Je partage avec mon époux la passion de l'art roman. Il m'arrive de chanter dans les églises où l'acoustique est formidable. Je pense en particulier à la crypte de Saint-Eutrope à Saintes. En Charente-Maritime, je reviendrai chercher des émotions, la mer, les villages pittoresques comme Talmont, les édifices, les manifestations estivales, l'histoire...

• Dynamique comme vous l'êtes, votre retraite sera forcément active ?


Je vais aménager la maison, y planter des fleurs et prendre mes marques. Je vais aussi prendre soin de mes proches, de mes petits enfants. Ensuite, je ferai le tour de la famille, j'ai manqué trop d'occasions en raison de mes fonctions professionnelles. Maintenant, je serai plus souvent avec eux. Nous allons également prendre des vacances ; j'aime l'Europe, l'Italie, l'Espagne. A la rentrée, je pense que je rejoindrai les associations que j'ai quittées quand je suis entrée dans le corps préfectoral, le logement, les restos du cœur, les associations humanitaires, l'encadrement d'orphelinats à l'étranger. J'espère qu'on a encore besoin de moi quelque part !

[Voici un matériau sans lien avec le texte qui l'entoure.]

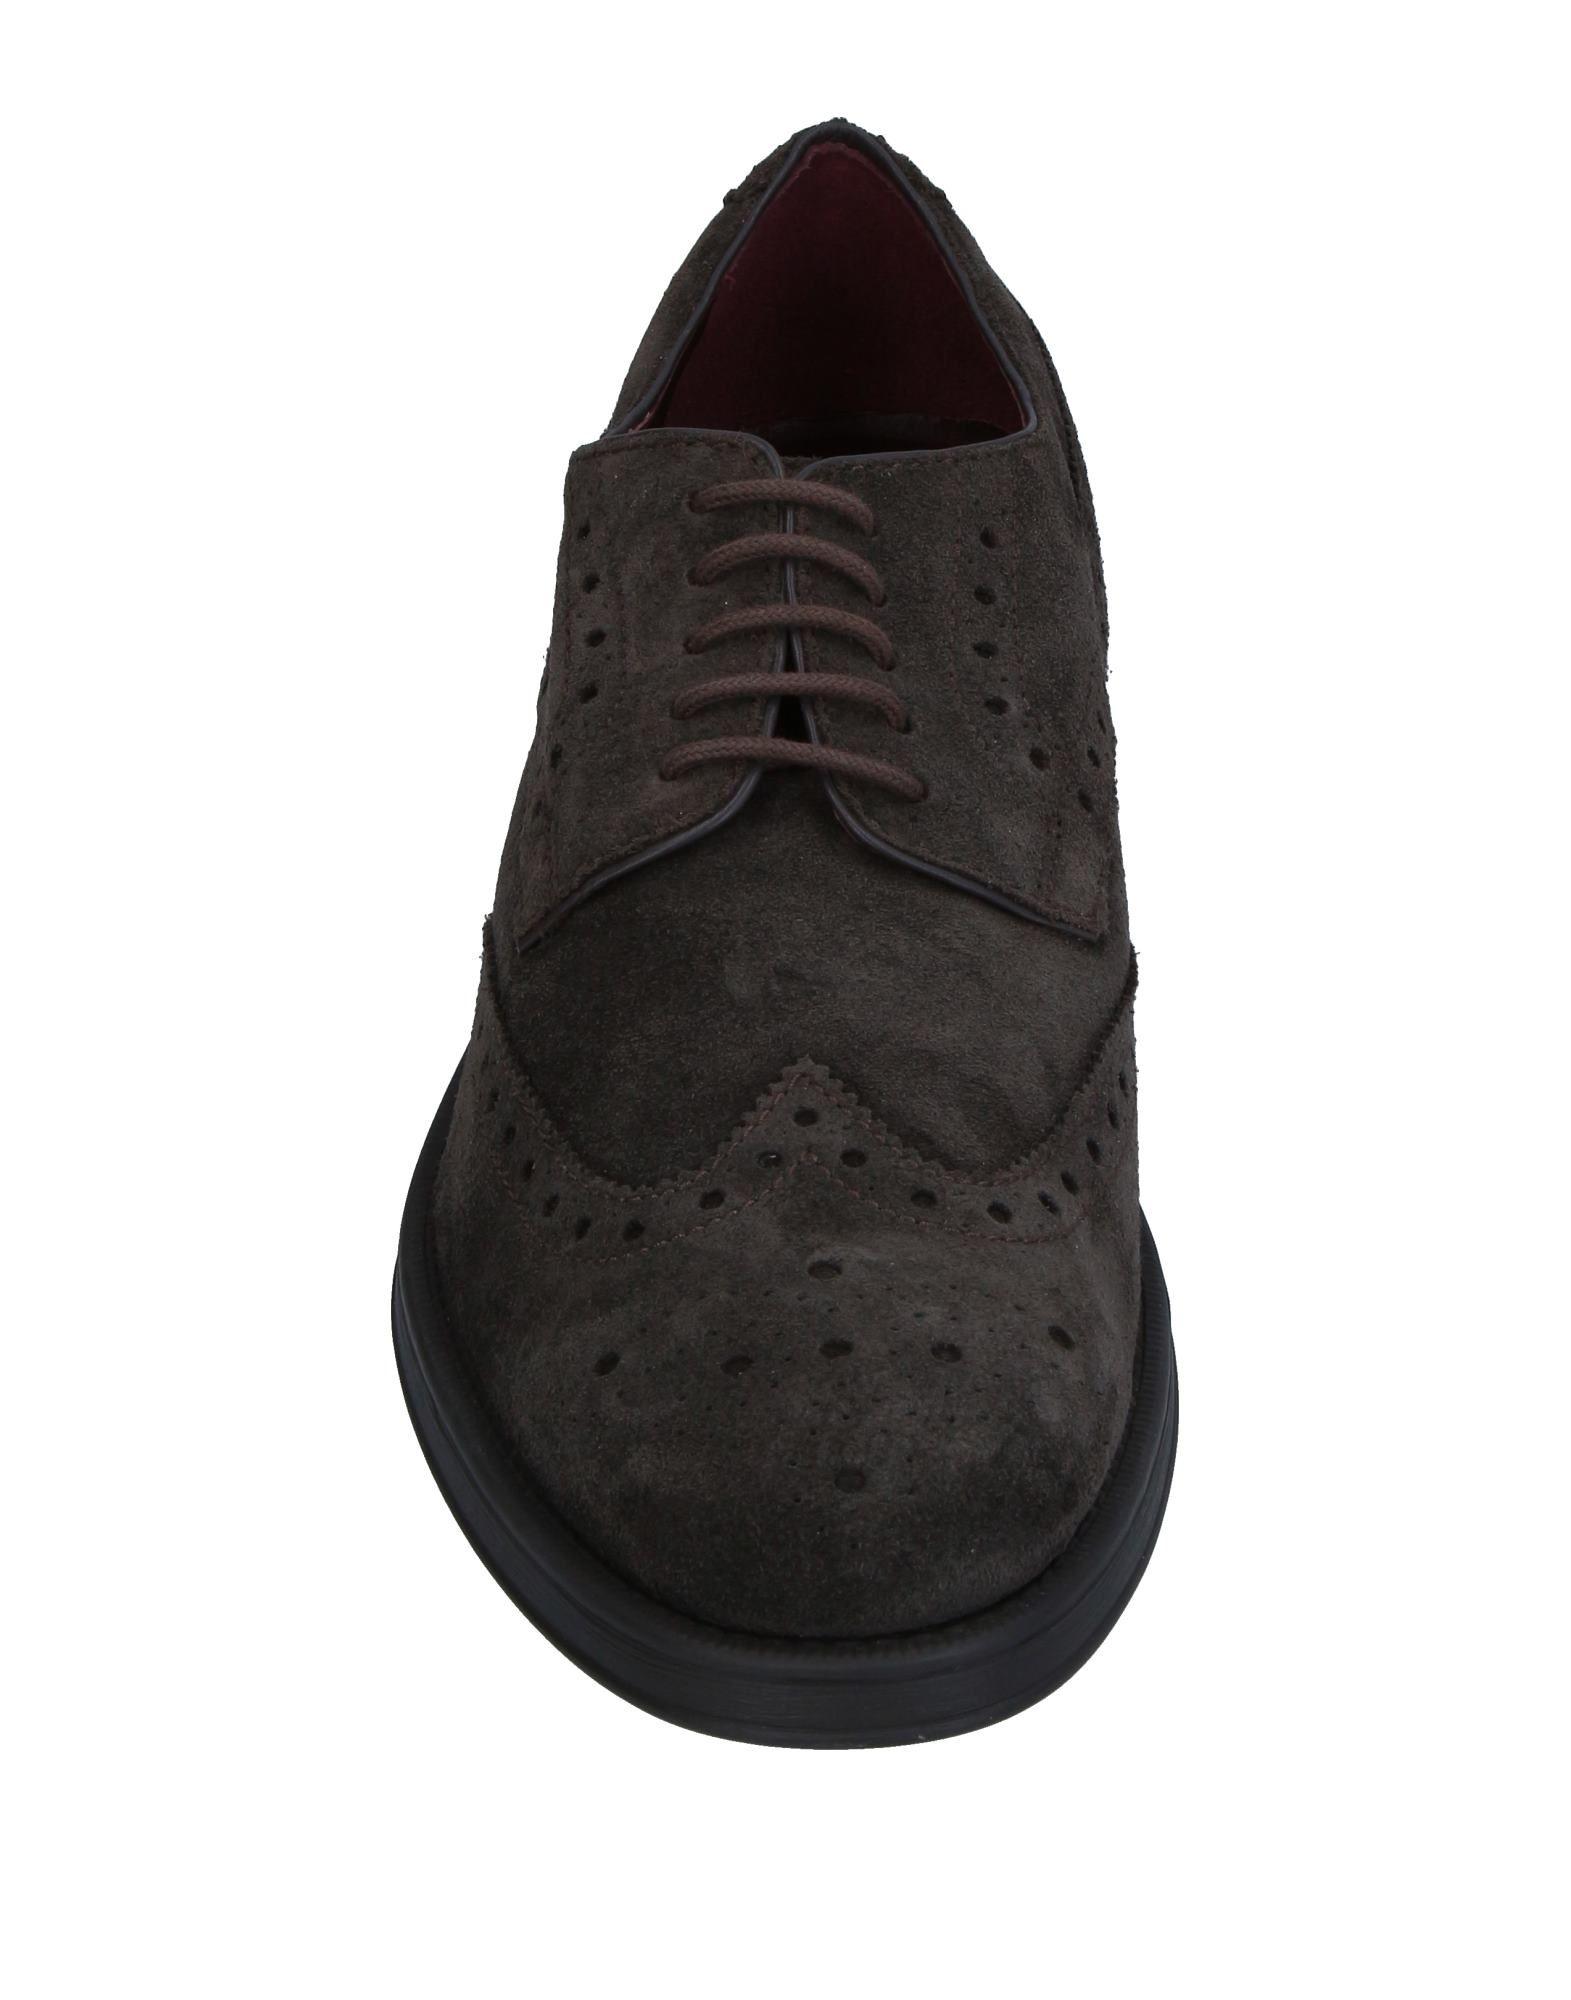 Rabatt echte  Schuhe Geox Schnürschuhe Herren  echte 11324930LB 5d6c82

• L'un des objets symboliques que Michelle Cazanove conserve dans son bureau : « La truelle, c'est construire et reconstruire » dit-elle.

• Michelle Cazanove quitte Saintes avant que le projet du site Saint-Louis et du vallon des arènes n'ait vraiment avancé. « Je vais rester connectée » dit-elle, même si elle préfère grandement la version papier au numérique !

• C'est en 1998 que Michelle Cazanove a été nommée sous-préfète pour la première fois,
directrice de cabinet du Préfet du Tarn. A partir des années 2000, elle est successivement en poste dans l'Aude, les Alpes Maritimes, Marmande, la Bourgogne, Langon en Gironde et Saintes. Elle y a succédé à Thierry Tesson, ex-directeur de cabinet de Fadela Amara, démis de ses fonctions par un décret du président Sarkozy.